[Data below Boundary: Start]

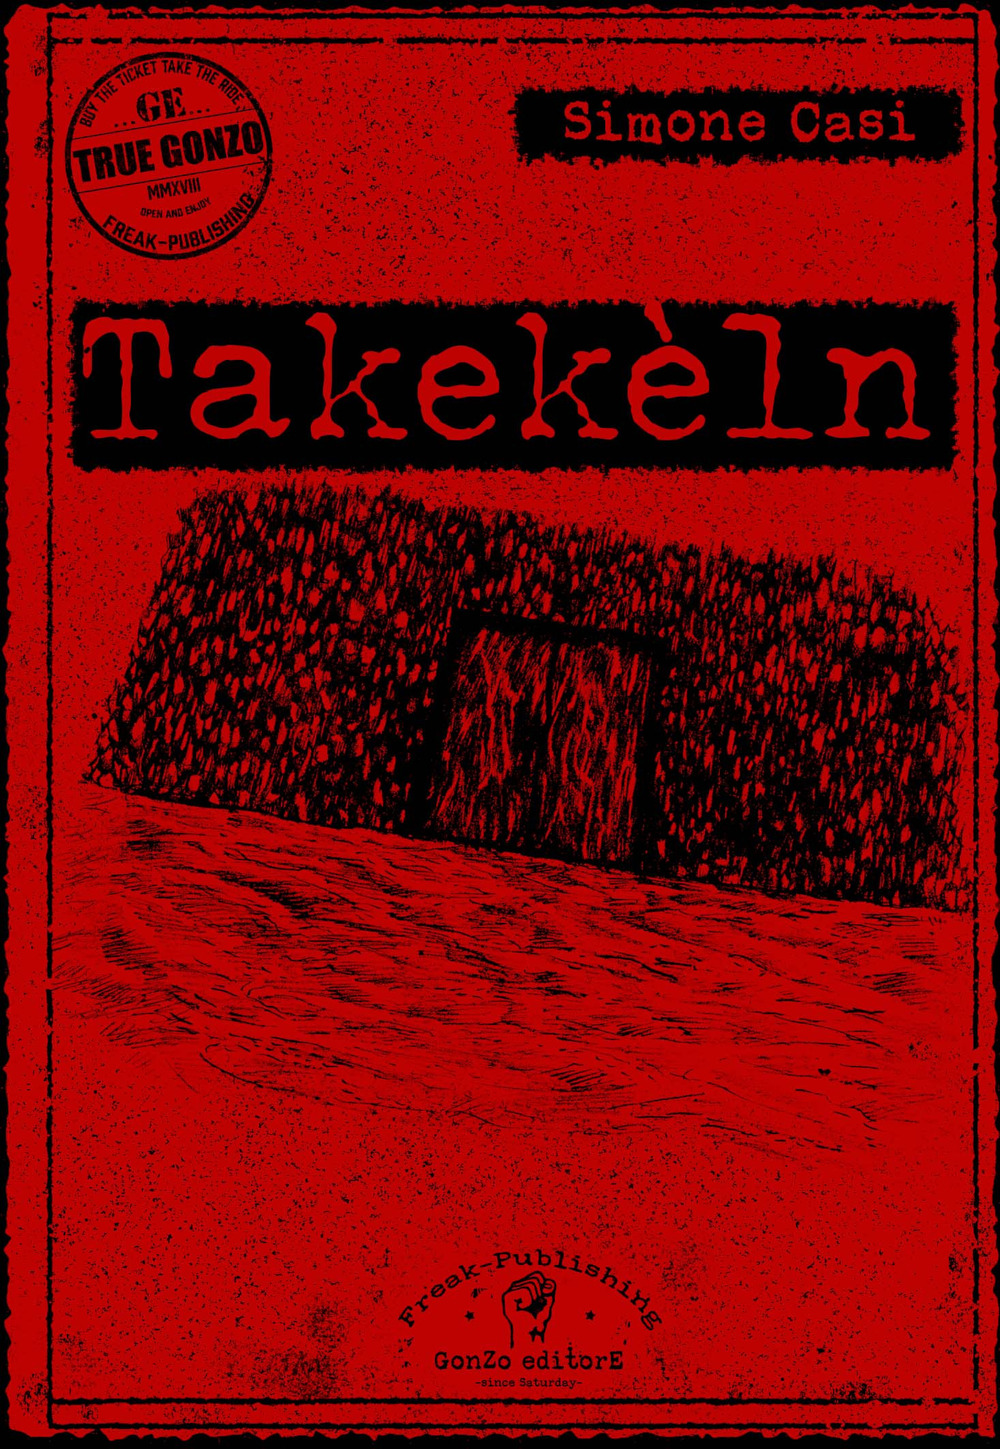 Takekèln
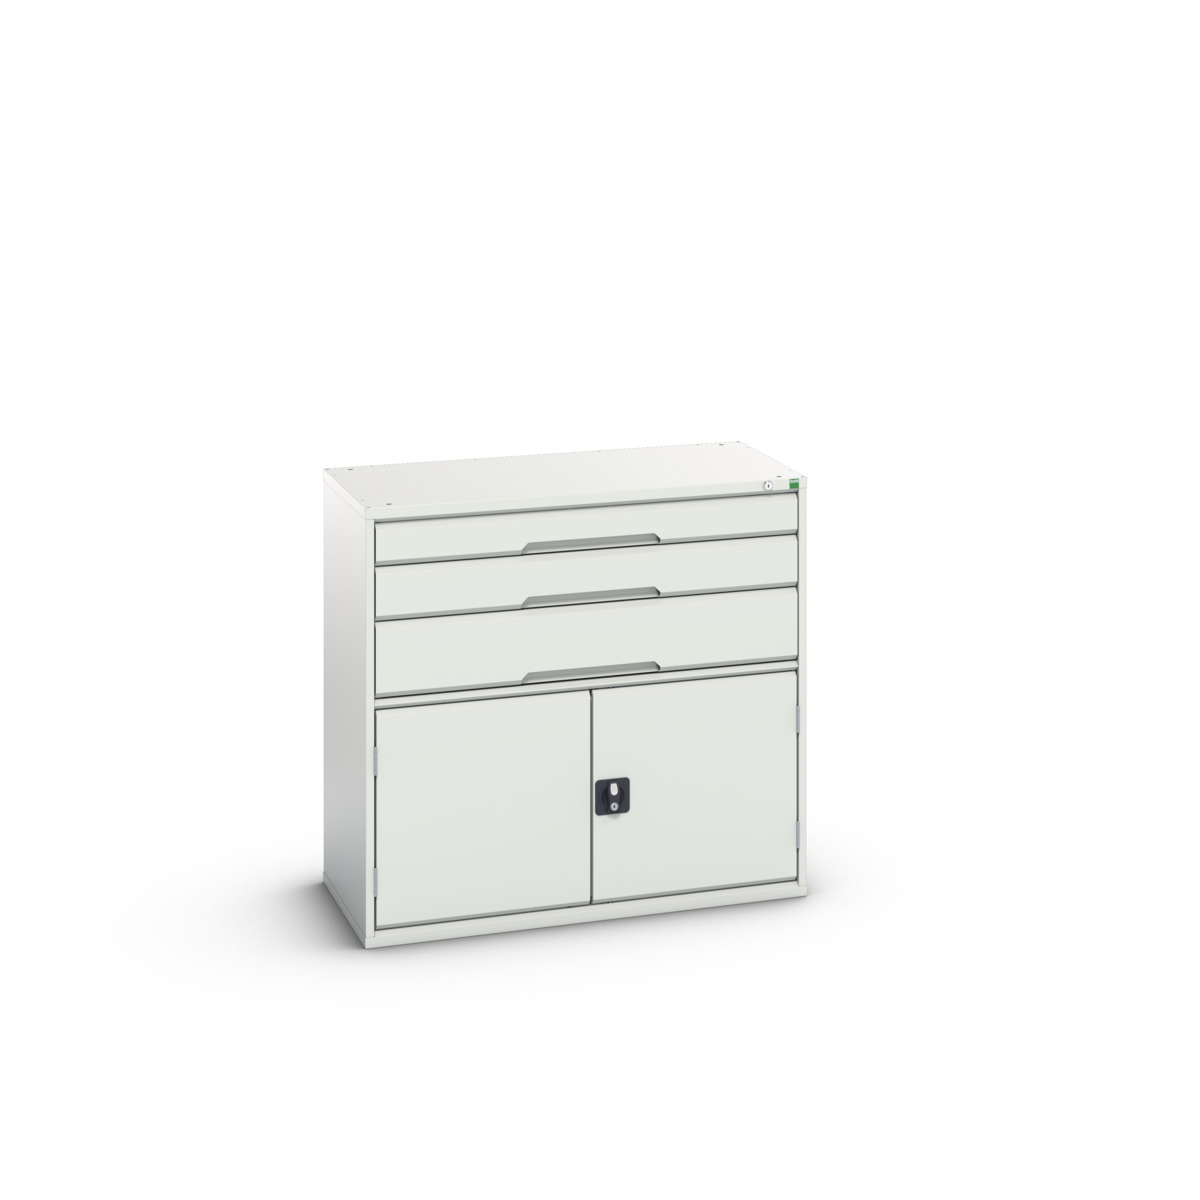 16925561.16 - verso drawer-door cabinet
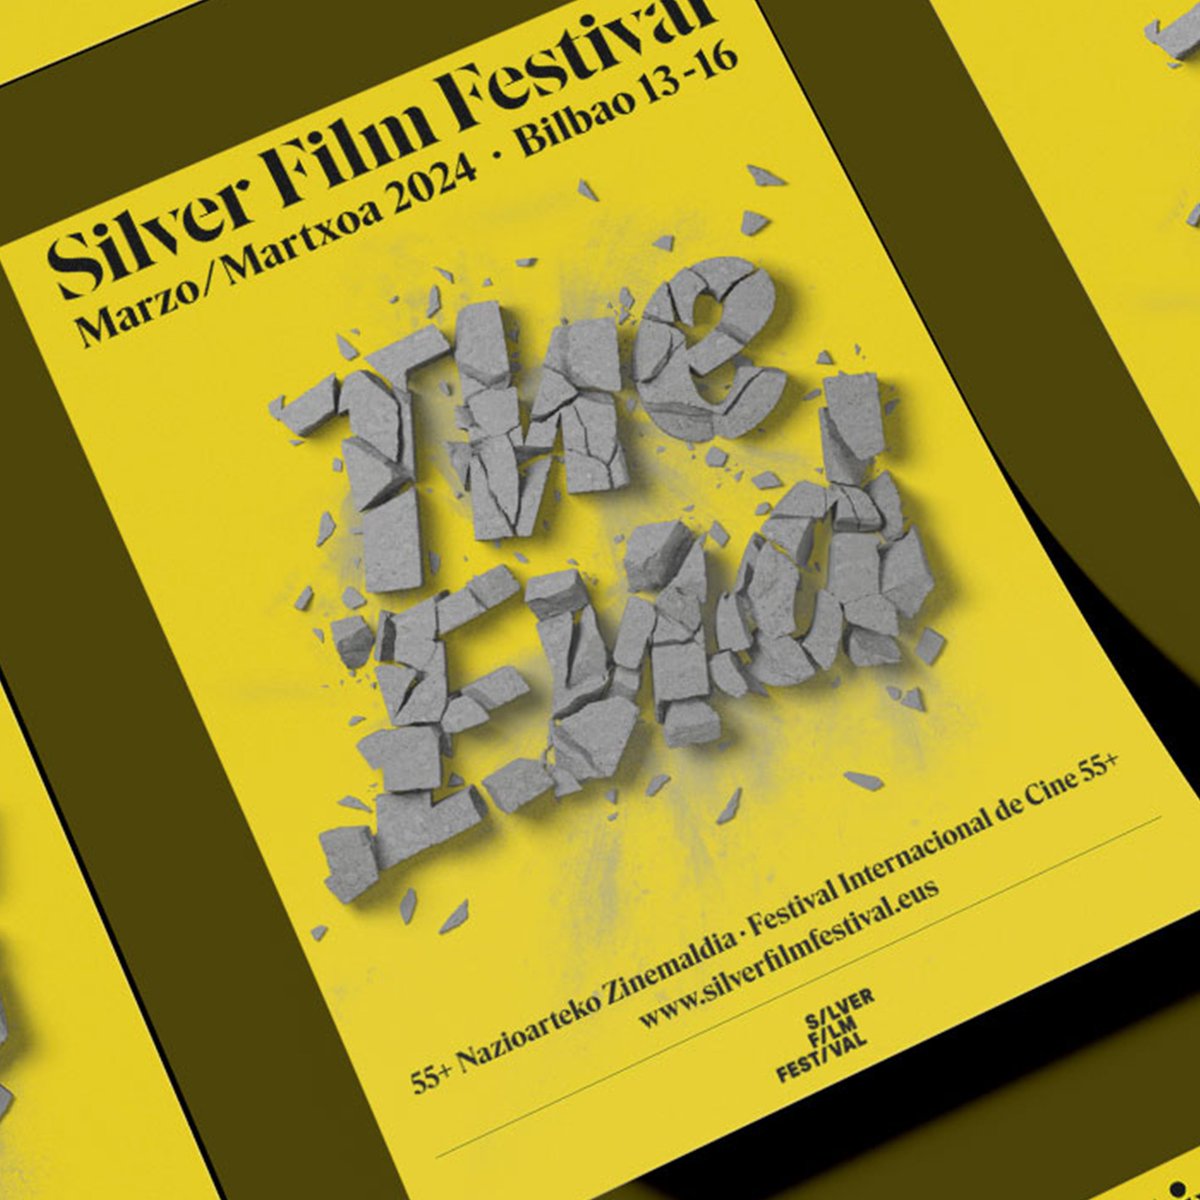 📆 Silver Film Festival se celebrará en #bilbao entre los días 11 y 16 de marzo

#silverfilmfestival #SFF #SFF2024 #silverfilmfestival2024

[Data below Boundary: End]

● **Work required**
Skipping the pictures, transcribe each line above exactly as it appears.

● **Answer box**
 Takekèln
 16925561.16 - verso drawer-door cabinet
 📆 Silver Film Festival se celebrará en #bilbao entre los días 11 y 16 de marzo

#silverfilmfestival #SFF #SFF2024 #silverfilmfestival2024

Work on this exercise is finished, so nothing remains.